From Cala Saona I hiked along a coastal path that veered dangerously close to the edge of the sandstone cliffs, gazing out towards the mystical island of Es Vedra off the southern tip of Ibiza. The sunsets there were sensational.
On another day I joined a kayak safari, paddling along the shoreline to explore the many caves and rock formations. To cool off, we dived into the limpid waters. If you were to keep paddling, or walking, you would eventually reach the Cap de Barbaria, an eerily beautiful and desolate spot with a working lighthouse and an 18th-century watchtower atop a rocky promontory (I took the soft option, by rental car available from any of the usual car hire companies in Spain). The views were heart-stopping, both out to sea and down beneath my feet, where peregrine falcons swooped and swirled above the rocks.
I found the sleepy village of Es Pilar de la Mola, the other end of the island from the blink-and-you’ll-miss-it capital of Sant Francesc Xavier, was worth a visit — its twice-weekly hippy craft market sells goods of surprisingly good quality, many times better than its counterpart on Ibiza.
Es Pilar de la Mola is also home to one of the island’s best restaurants, Pequeña Isla, where I enjoyed local specialities, including ensalada payesa, made of twice-baked bread, dried fish, tomatoes, pepper, olives, oil and vinegar.
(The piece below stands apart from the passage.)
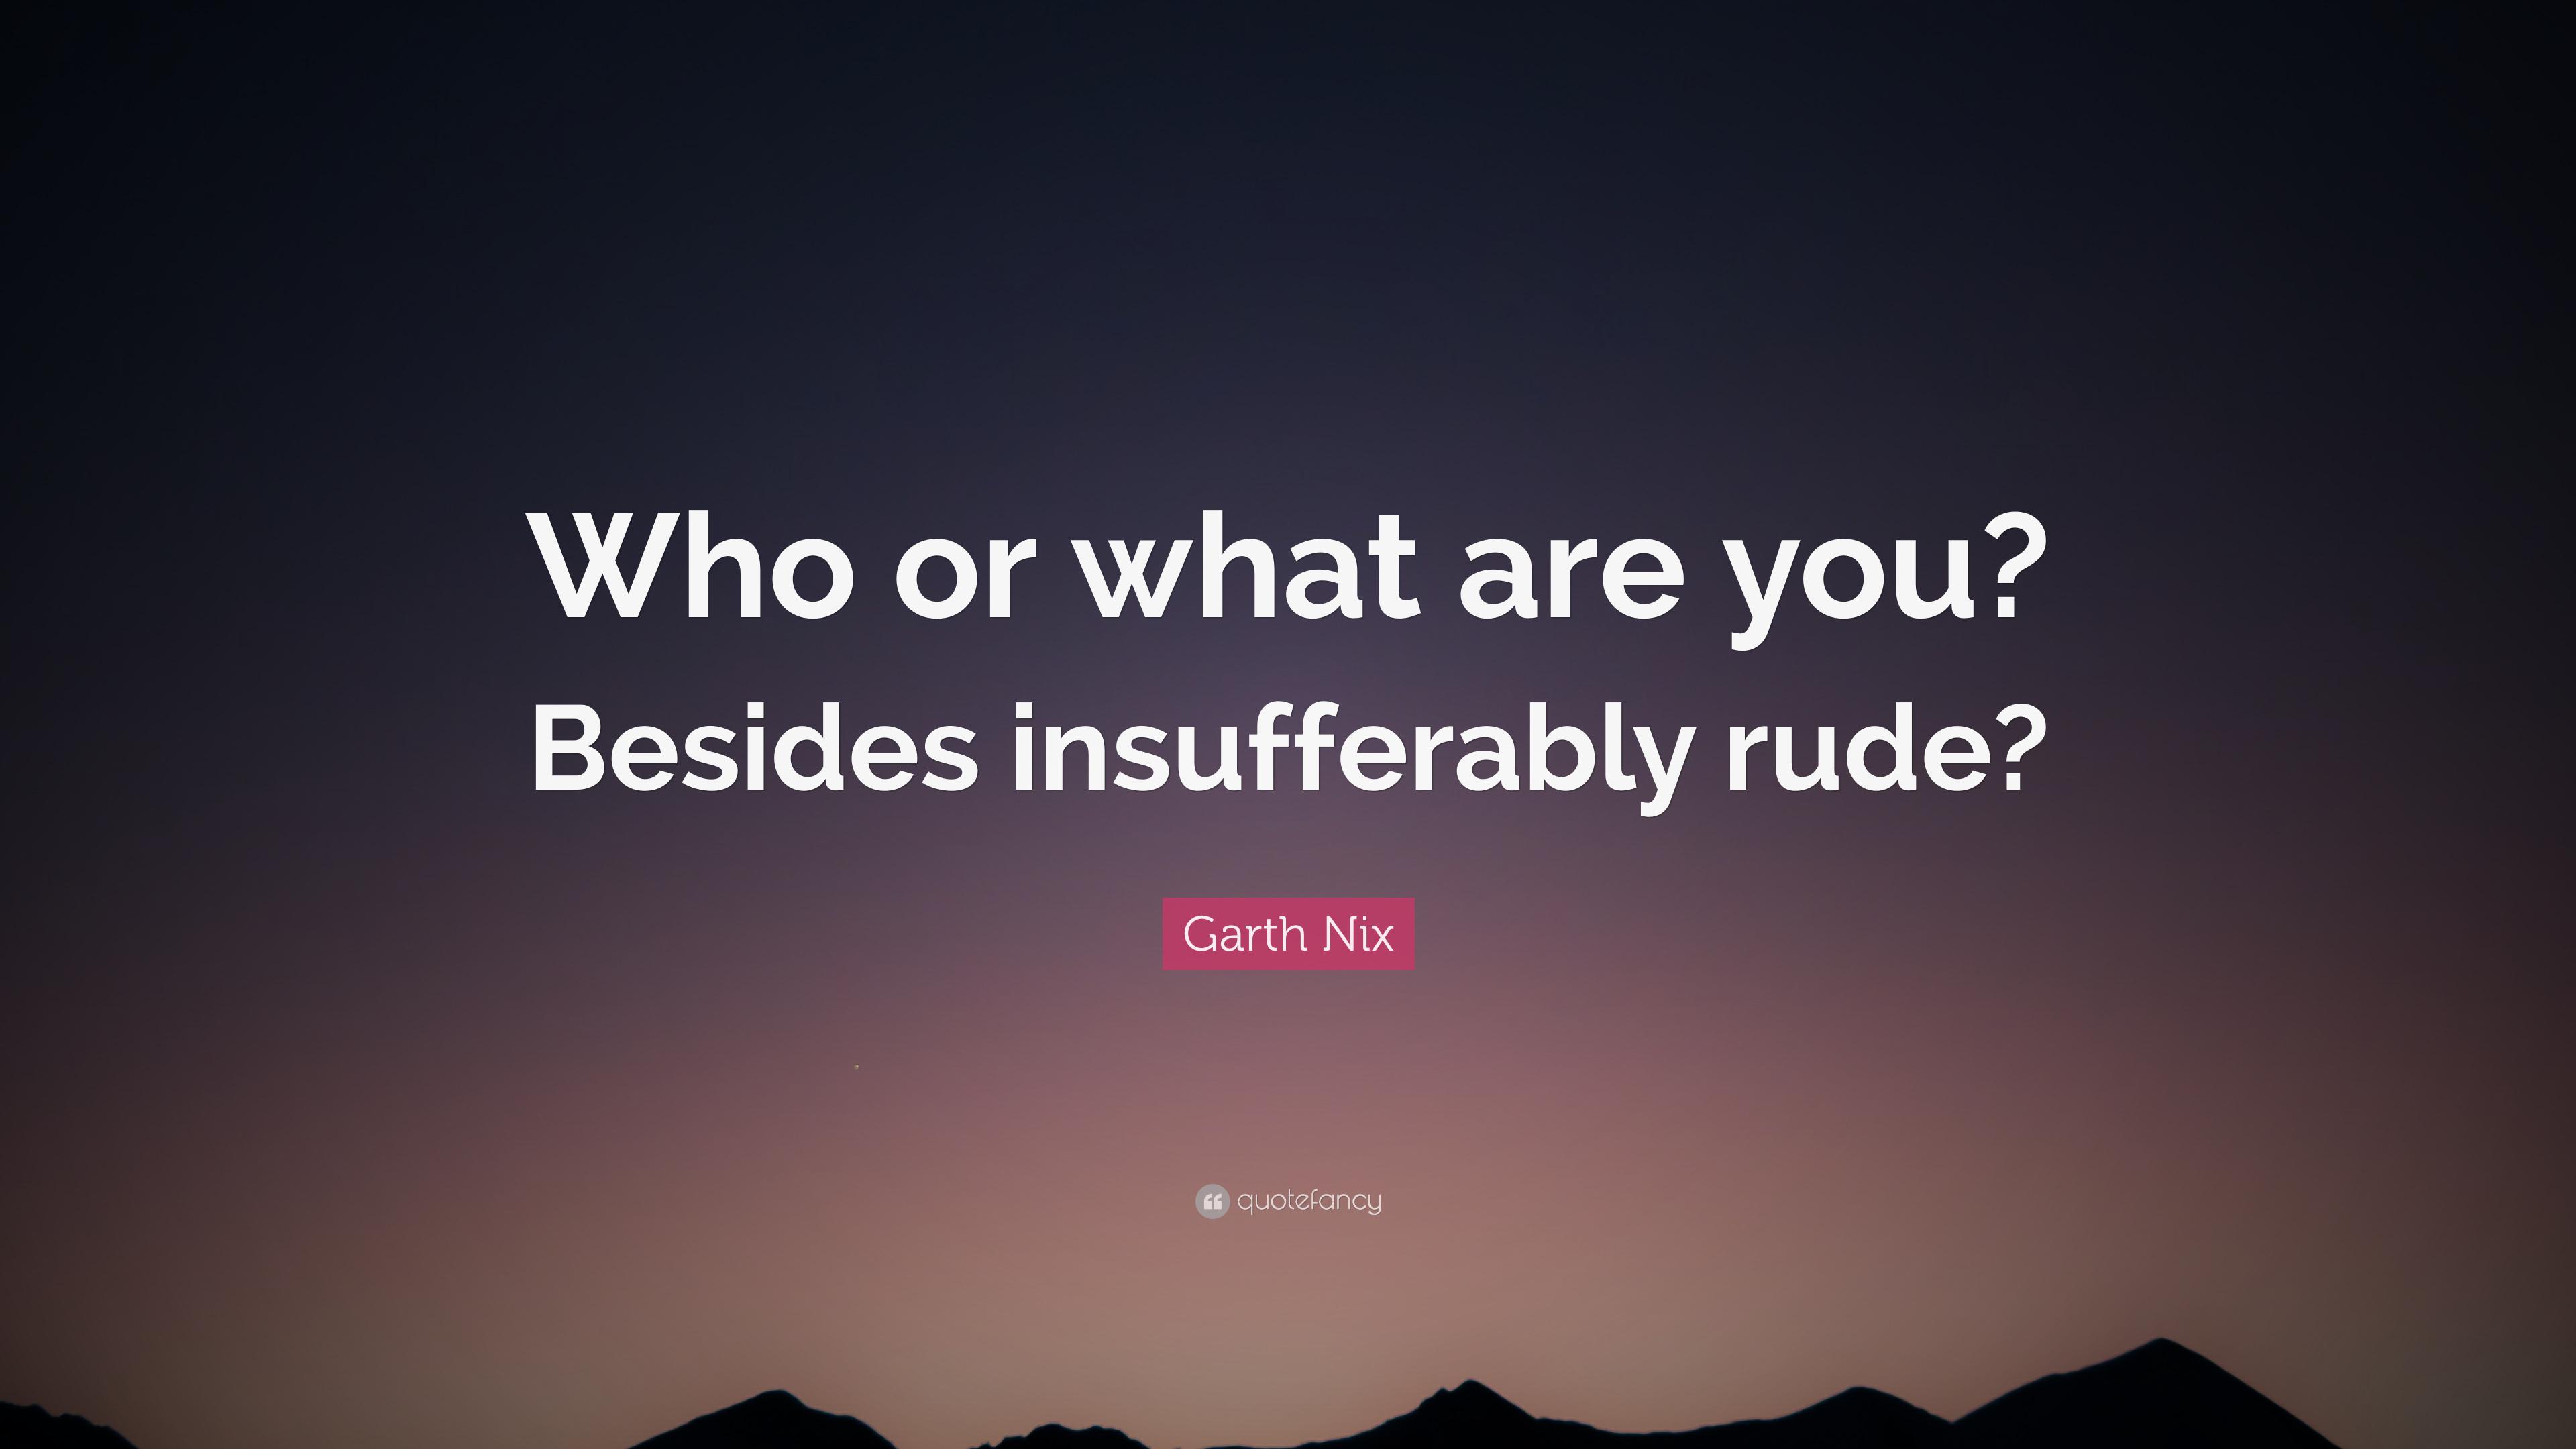 Garth Nix Quote: “Who or what are you? Besides insufferably
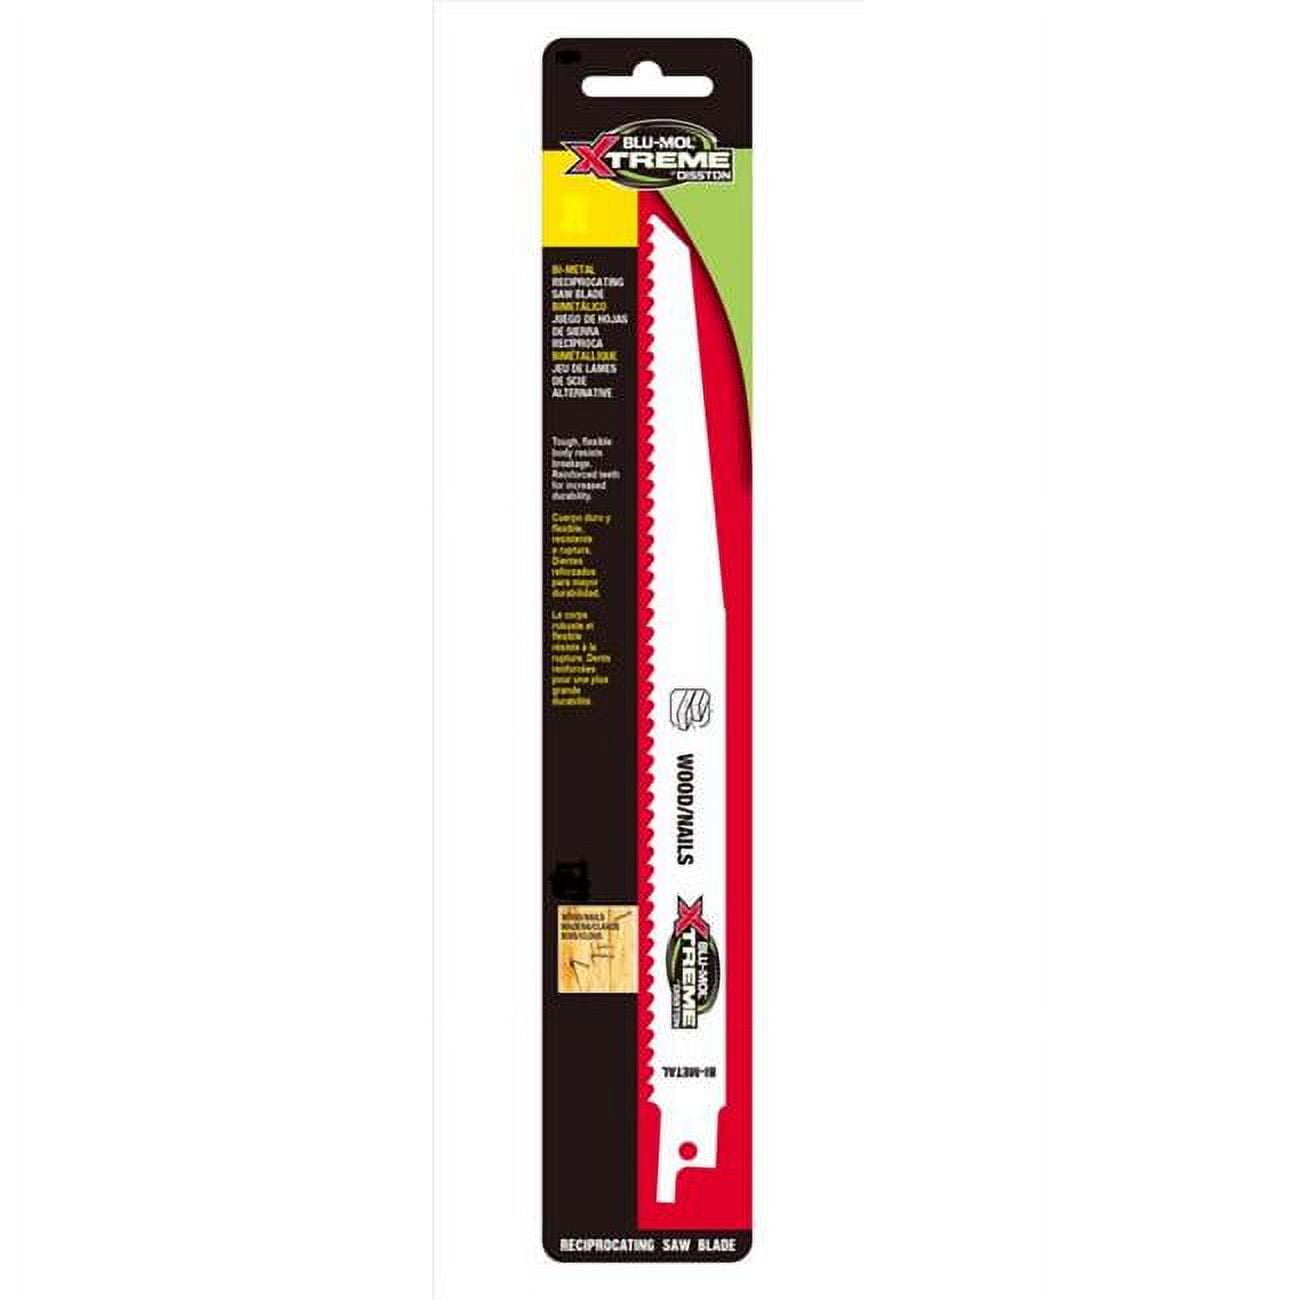 Picture of Blumol 2033639 Xtreme 6 in. Bi-Metal Reciprocating Saw Blade - 18 TPI

My other favourite was pastel de patata — white cheese and pesto grilled on sliced potato.
The only resort on the island is Es Pujols, where you’ll find low-rise apartment blocks and a few tourist shops selling inflatable crocodiles. But even here there is plenty to celebrate. Enter the warren of back alleys and you will find some delightful bars, restaurants and boutiques, while along the beachfront is a row of varaderos, the traditional shelters built by Balearic fishermen from driftwood to house their boats, which are still passed down from one generation to the next.
According to locals, some canny fishermen were recently given a hefty sum in compensation by the EU when their varaderos were destroyed in a storm. Having pocketed the cash, they simply rebuilt the shacks using the newly available driftwood.
All roads lead back to the Trucador peninsula, a narrowing sand spit that extends from the north of the island towards Ibiza. On the west side is Platja de Ses Illetas, the pristine beach first glimpsed by arriving ferry passengers, its sugary sand lapped by gentle waves. And if you want an even more private spot, stroll across the peninsula to Platja de Llevant, where the water is so flat and clear that it resembles a vast infinity pool. The best beaches in the Mediterranean? I think so.